There may have been little on that occasion to suggest a champion in the making almost two decades later, Boleys Pride sauntering past the post at the tail of the field - but it was a start. And he now had what so many others never found - a place from which to build. It began the construction of a gently sloping learning curve that would eventually bring him to England where he would ply his trade across a number of yards, watching his fellow countryman, AP McCoy, garlanded with the type of honours Hughes dared not imagine.
When the Moneyglass man retired from the saddle, Richard Johnson enacted his own hegemony on the championship, employing his relentless desire for winners in every corner of the country. That he broke his arm in a fall at Exeter in January, a day after he hiked to Newcastle for a book of rides, just the 600 kilometres further north, sums up the commitment Hughes was facing. These journeys were no rarity for the four-time champion jockey who'd drive all the way to Hell if Lucifer promised him the leg up on a prospect.
But Hughes, too, was a familiar face at fuel stations around England and when the reigning champion fell out with Lady Luck three months ago, the Armagh man pounced, creating a near-insurmountable lead in the race for the title.
This commitment was illustrated on the day of his second child's birth last year when, as the Grand National took centre stage at Aintree, his wife was in Middlesbrough hospital. Hughes, however, was in neither location, bed-ridden instead in a hospital on Tyneside after he was injured in a fall at Newcastle. Winners are winners, and if you're to keep up with the peloton, not to mention ahead of it, the intrinsic desire must be relentless.
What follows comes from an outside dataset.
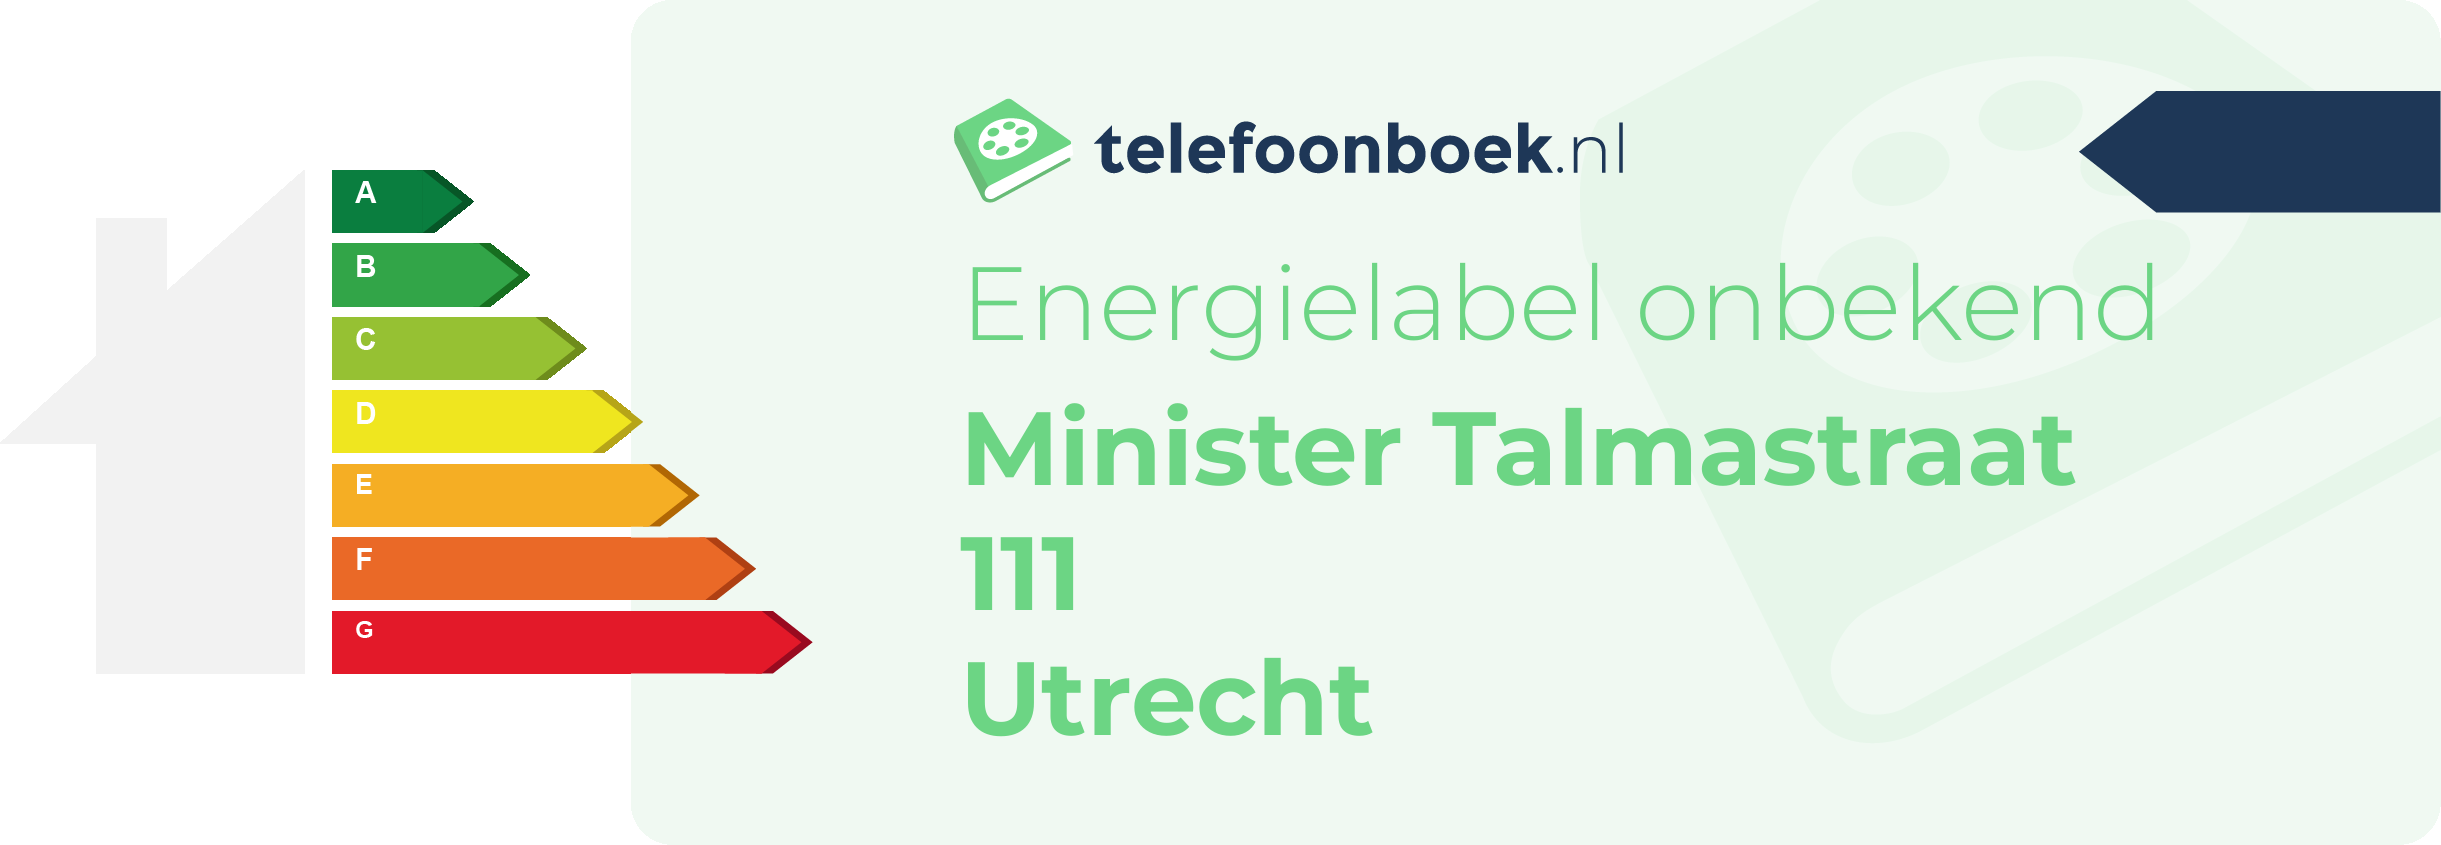 Energielabel Minister Talmastraat 111 Utrecht

While he may have won the conditional title in 2008, buttressing his resume with a few Cheltenham wins, a jump jockey's true currency, Hughes had become a forgotten man for some. For many, perhaps. When you spend so much of your career looking up at success, a hefty portion of truculence is required to fend your own corner. The man from Armagh has it. He always had.
The intrinsic desire he has consistently conveyed was matched by these similar levels of defiance which may just have saved his life as an 18-month-old infant, the future horseman having been given the Last Rites. Diagnosed with meningitis and without an abundance of hope from doctors, he pulled through and surged forward, that same surge continuing for another 32 years and to glory in the midst of a pandemic.
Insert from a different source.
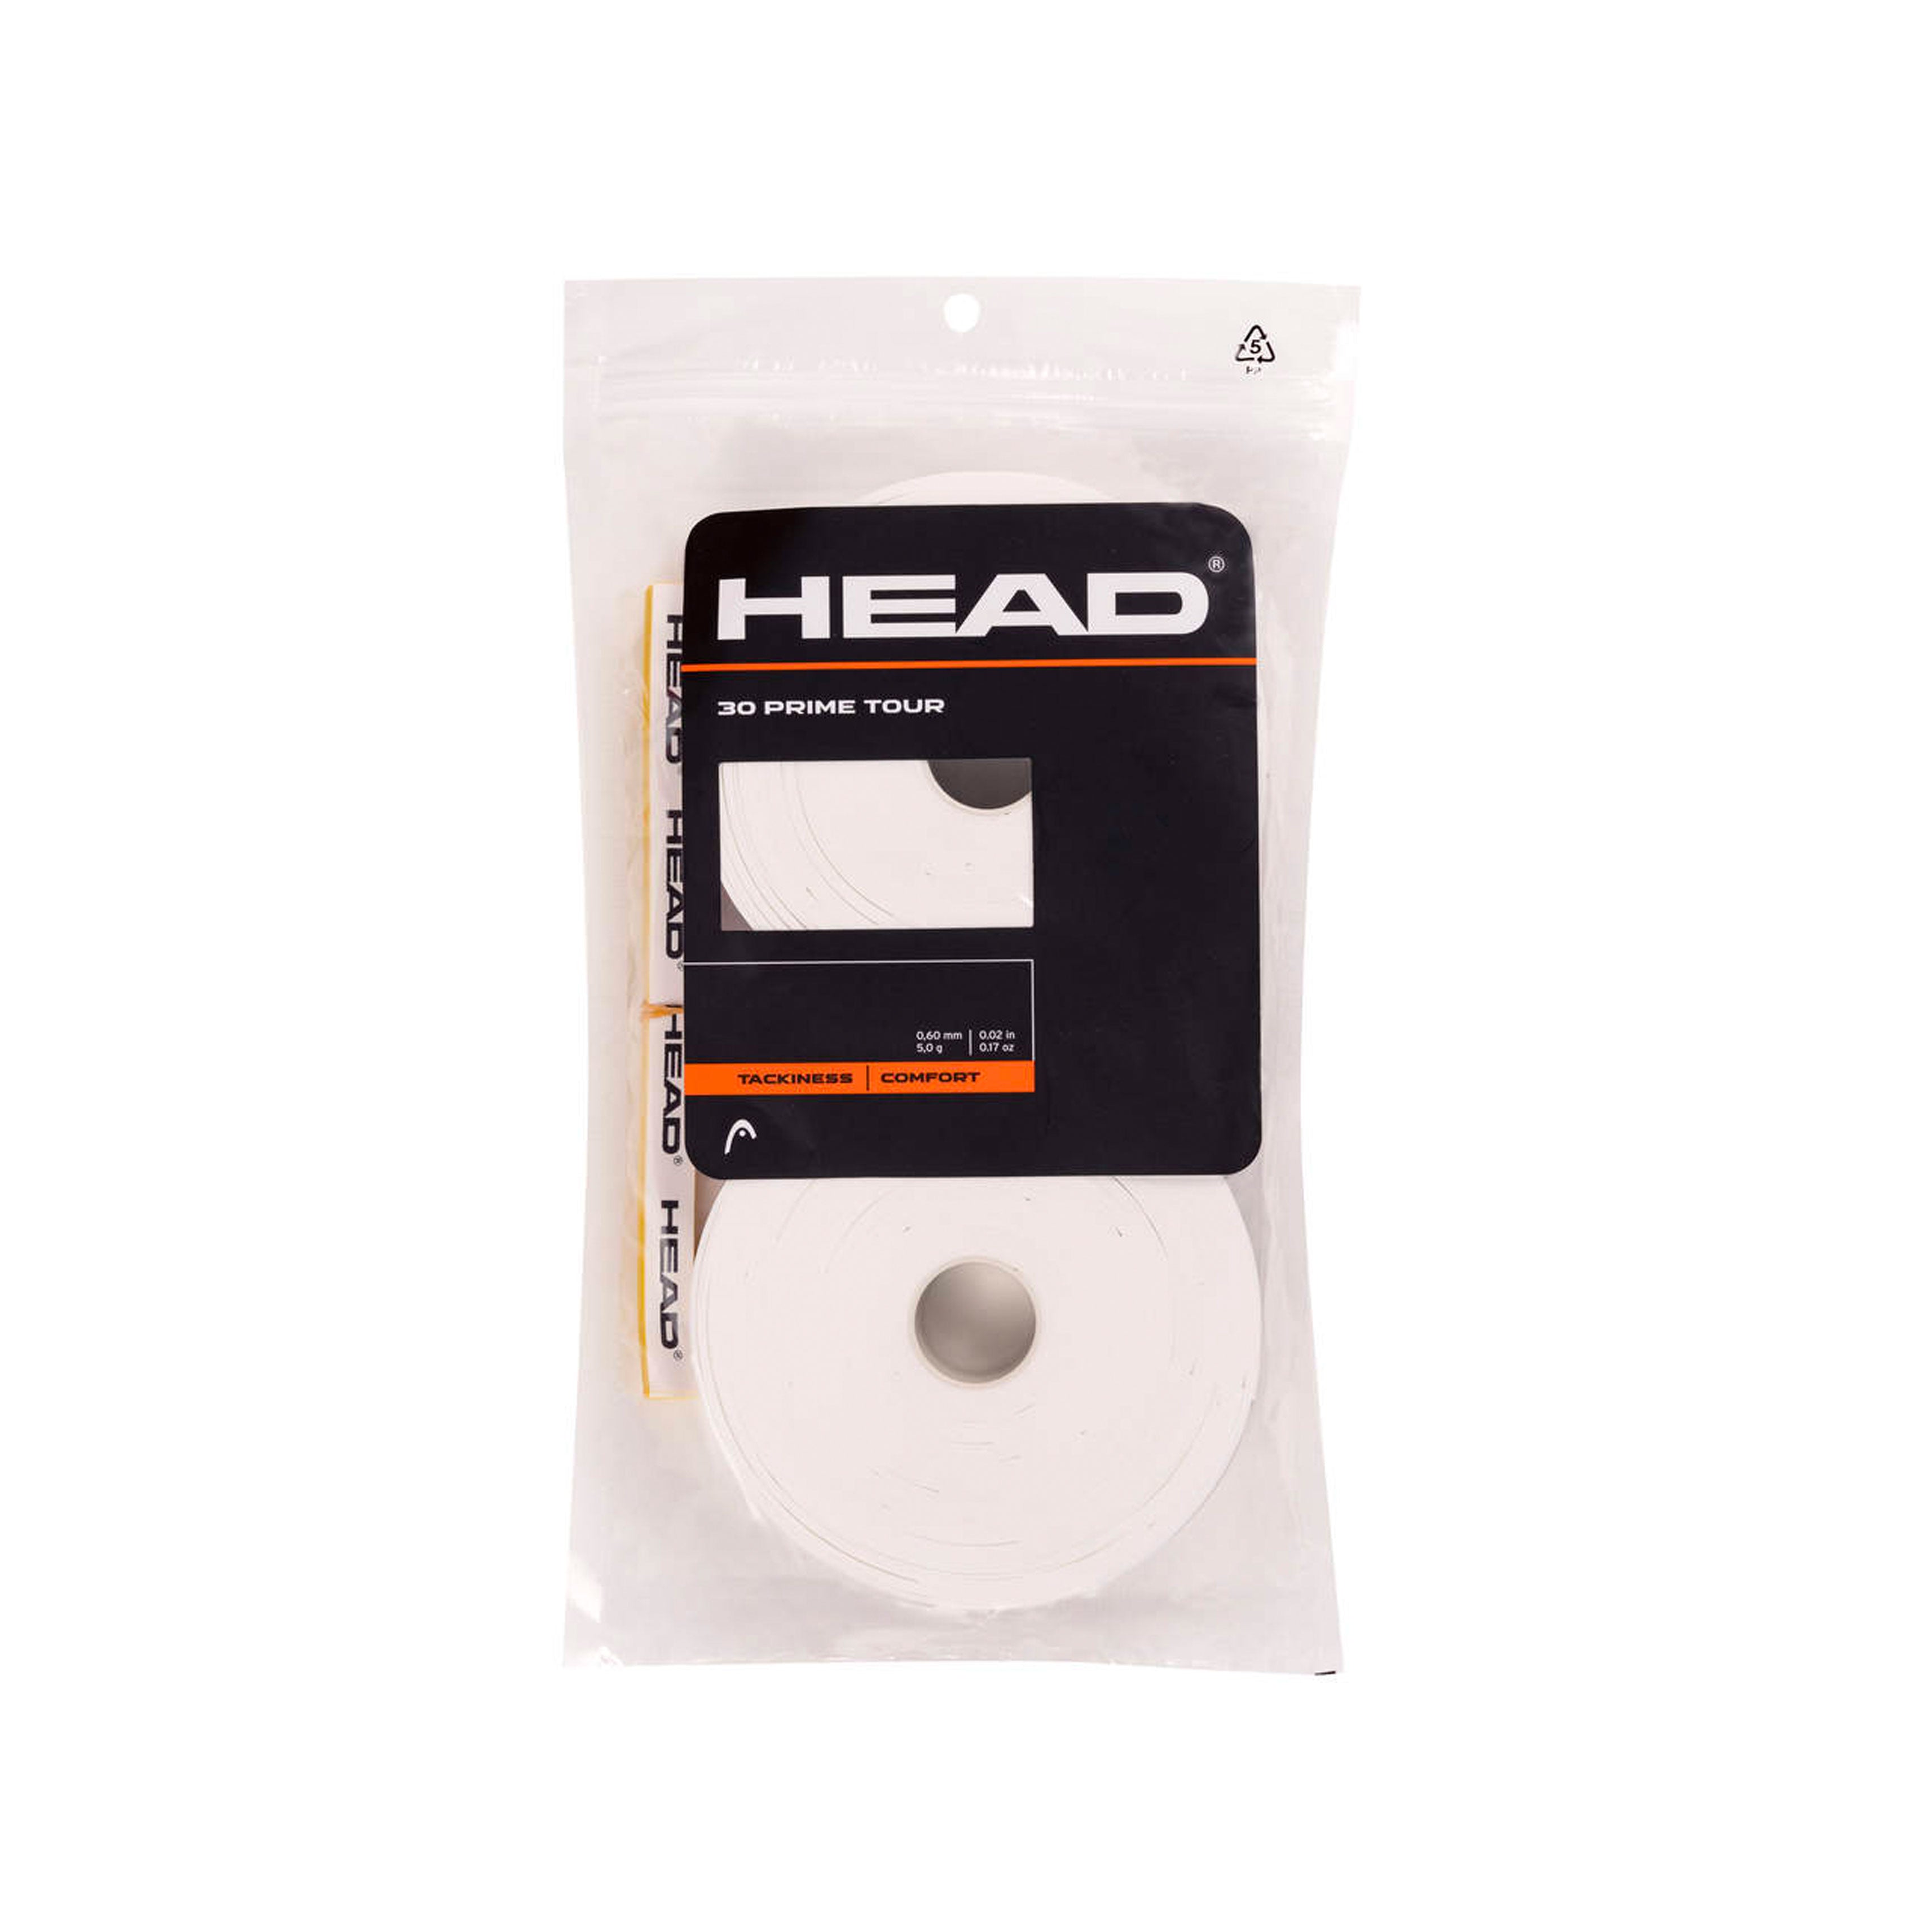 Head Prime Tour Overgrip (30-pack) - White

Already though, he's guaranteed to be funnelling those necessary traits for a jockey, the varied assortment that has been nurtured since he first starting riding out for Lambe, into an onslaught on next year's championship where an injury-free Johnson will be seeking a return to the top. And yet it's clear that Hughes is an improving jockey, his levels of intelligence on horseback and off introducing a subtler edge to his arsenal.
He spoke of taking a more sensible approach recently with the Yorkshire Post which has in turn contributed to his greatest success to date from a racing perspective.
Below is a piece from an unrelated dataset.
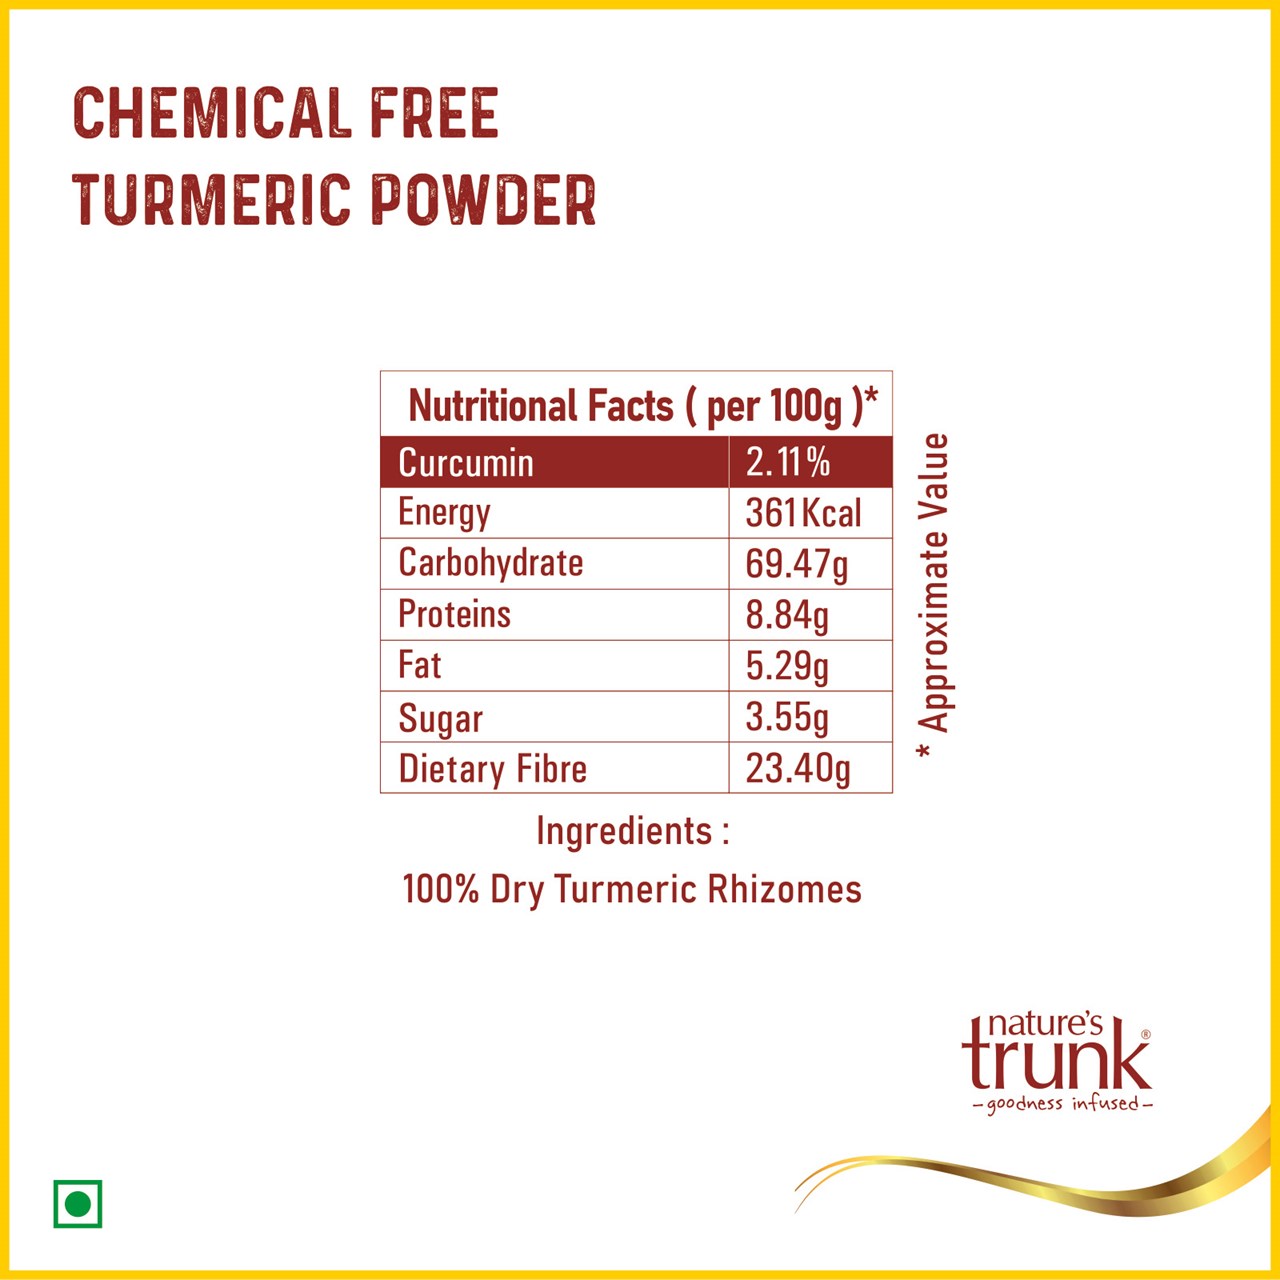 Picture of Turmeric Powder - Haldi ( Pesticide Free ) 300 Grams

“I didn’t take rides for the sake of it," he explained. "I could have gone further afield more often, but I tried not to be busy so I could stay fresh for as long as possible.
By this time last year, I had had 888 rides and I was absolutely wrecked. I remember just being shattered and that just has not been the case this time around.
Indeed. This year he got the leg up on 716 rides, picking and choosing and keeping enough in the tank to finish in front. It's what all the best do and the name Hughes is finally, at the absolute least, being uttered in the conversation as the best in the business. As a champion, less is an injustice.
His day spraying champagne beneath the famous Sandown canopy is put on hold for now, though that, in perspective, is a matter of insignificance.
He'll be back chasing winners in the autumn.